Some of the youth have set out with nowhere in particular as destination. Some have found themselves stranded in fatal crossings through the Sahara desert only hoping that their voyage would lead to southern Europe. Many have died of heat and exhaustion. Others have boarded boats on a journey of no return. Many have perished in the Mediterranean, leaving no trace, trail or message. For those who have stubbornly stayed at home, a different life has been defined by minus signs. Exclude one meal. Exclude another half. Exclude hospitals and make do with across- the- counter cheap drugs from Pakistani and India.
In the last one year, the rate at which Nigerians are being forced out of the middle class is unequalled in our history. Astronomical gasoline prices have chased many off the roads as car owners. Families that owned and operated two or more cars now make do with one. Inflation has reached 43% while unemployment figures among the young highly qualified has exceeded 4.5%. Food inflation has driven many Nigerians into an unplanned hunger republic.
In recent times, parents who manage to send their children to schools and universities are doing so in order to keep the children engaged and out of trouble. There is hardly any expectation that the children would end up better educated or socio economically better off. We are now in a precarious position in our socio-economic evolution.
We used to lament that we the middle class of today are a ‘sandwich’ generation; we served and took care of our parents in old age. We ferried our children to privileged schools now only to have little time and resources for ourselves in retirement. Now, we are paying through our noses to educate children who are condemned to end up worse off than us and our fathers! Those we were expecting to take care of us in old age are themselves likely to remain dependent on us for the foreseeable future.
This is the crux of our present curse of raging downward mobility. Undoubtedly, our epidemic of downward mass migration has unmistakable political origins. It is inbuilt in a growing endemic culture of bad governance whose origins we know too well and whose duration remains unknown. Those who have descended from the middle class are not likely to return there any time soon. Those driven into poverty may be stuck there for the rest of their lives. The children now being thrust into poverty may be stuck there forever as more children are born into the poverty republic of the world. Everyone knows we are descending downhill but no one knows when the slide will end and whether an economic recovery is possible in our life time.
Yet, our only hope of recovery lies in the political realm. Democracy holds the key in the hope that the periodic changes of administrations will bring forth leadership that will redefine national progress and reverse our descent into oblivion.

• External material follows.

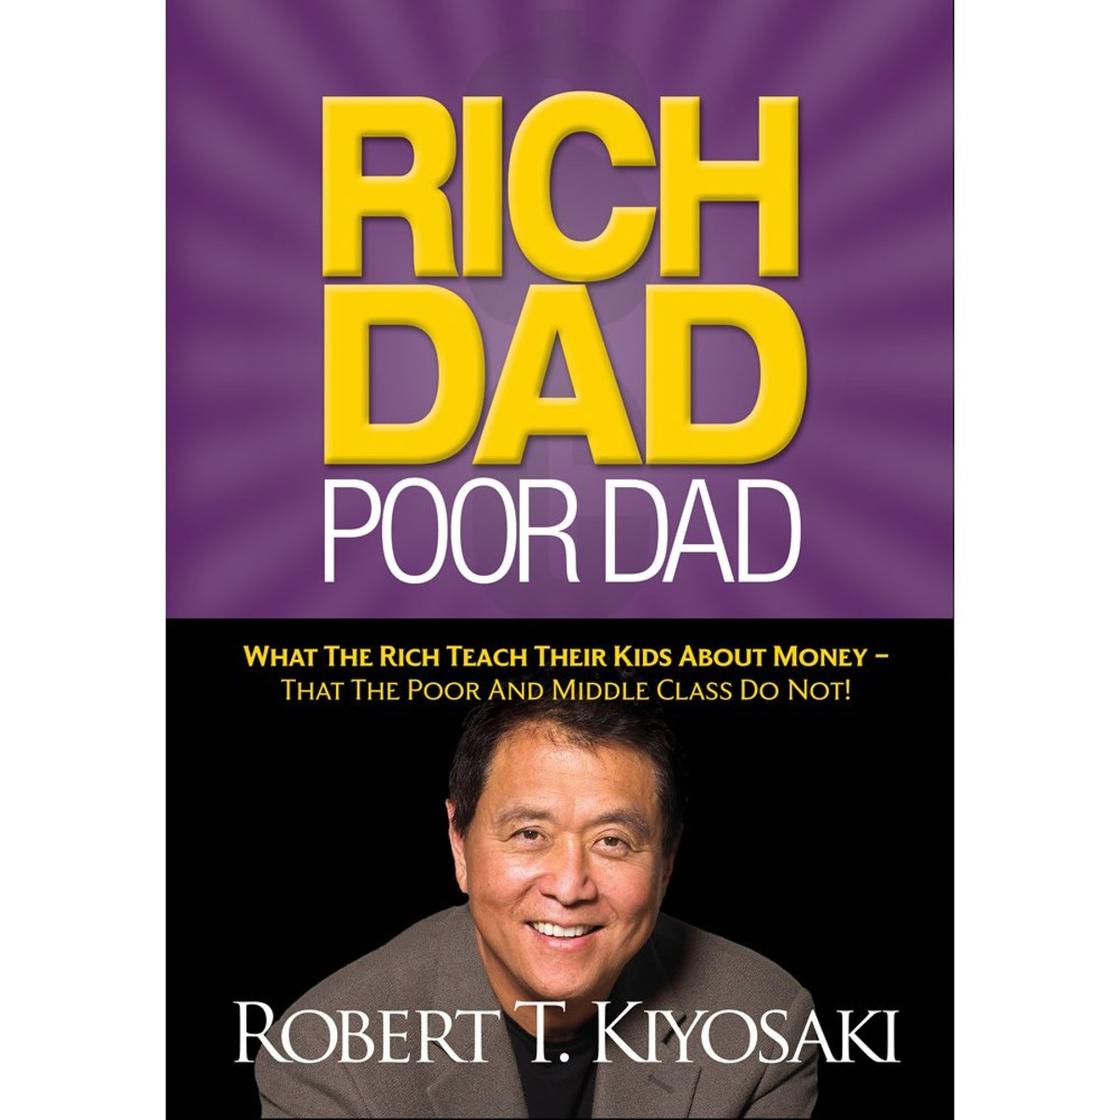 Обложка книги Роберта Кийосаки «Богатый папа, бедный папа»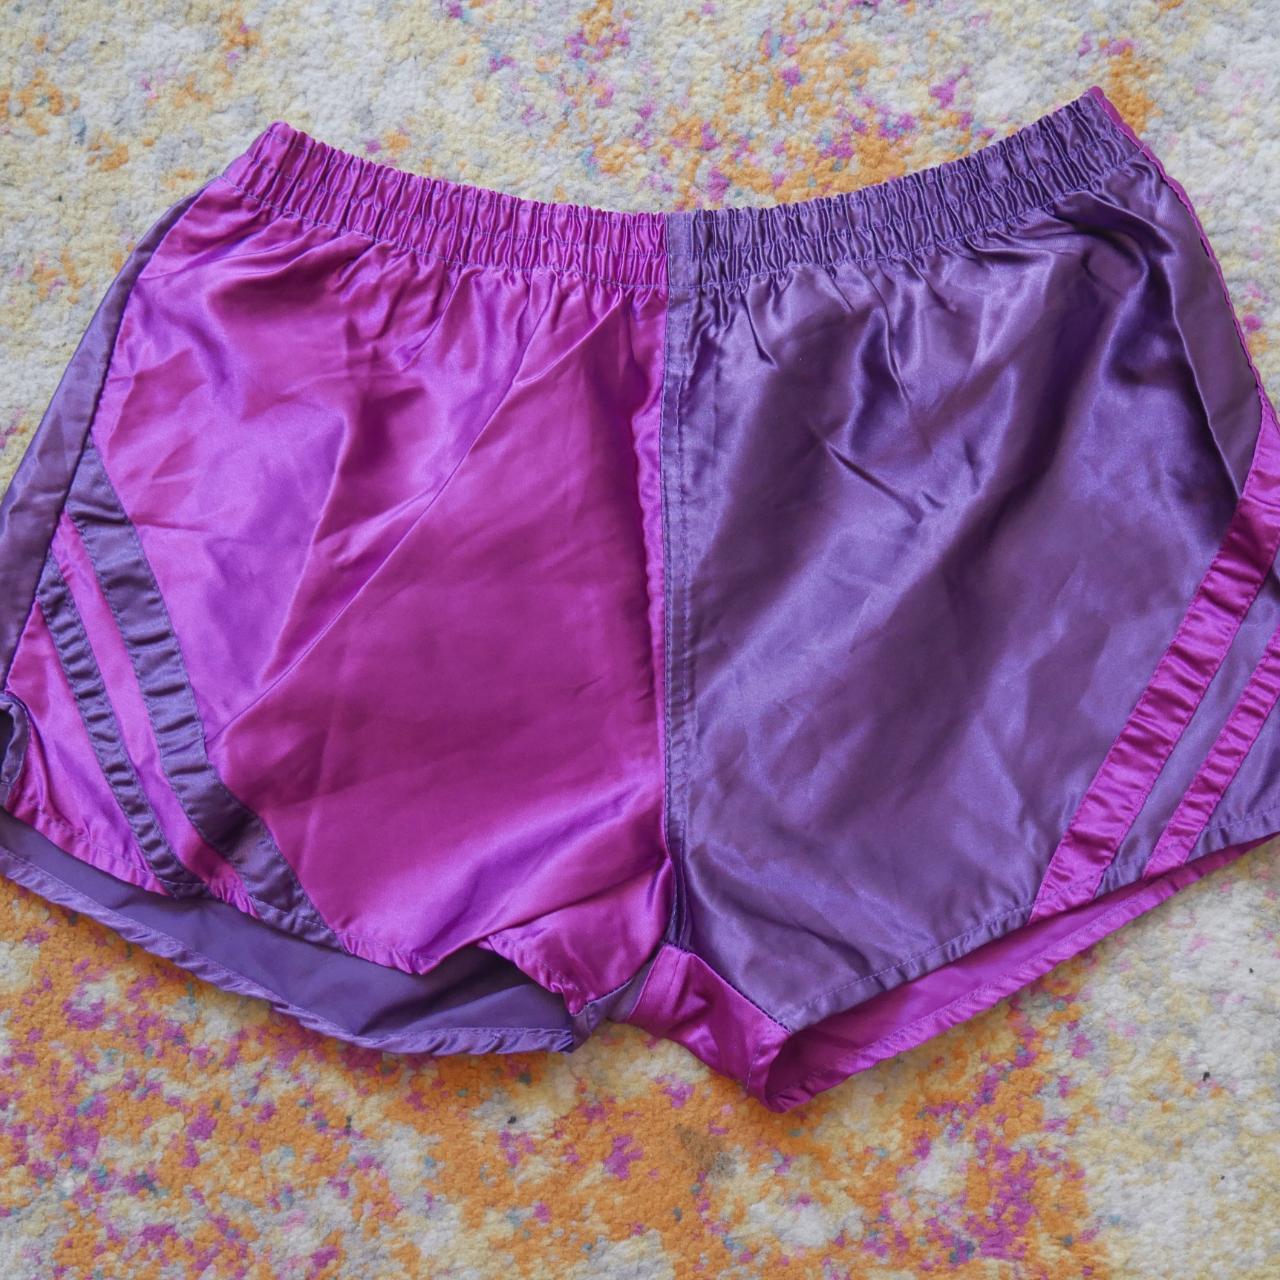 Vintage Satin Gym Shorts Size US 6/L - Approx. uk... - Depop

No one knows if Nigerian democracy will eve produce leaders of vision and courage that can reverse the curse of this generation.
When in one life time, we see the lives of the majority take a nose dive downwards, something uncanny has happened. Worse still, when in spite of our most strenuous efforts the life expectations of our children is condemned to end up worse than ours, we are in a bad place. No quantum of prayers and supplications is likely to rescue a nation mired in bad governance and misrule.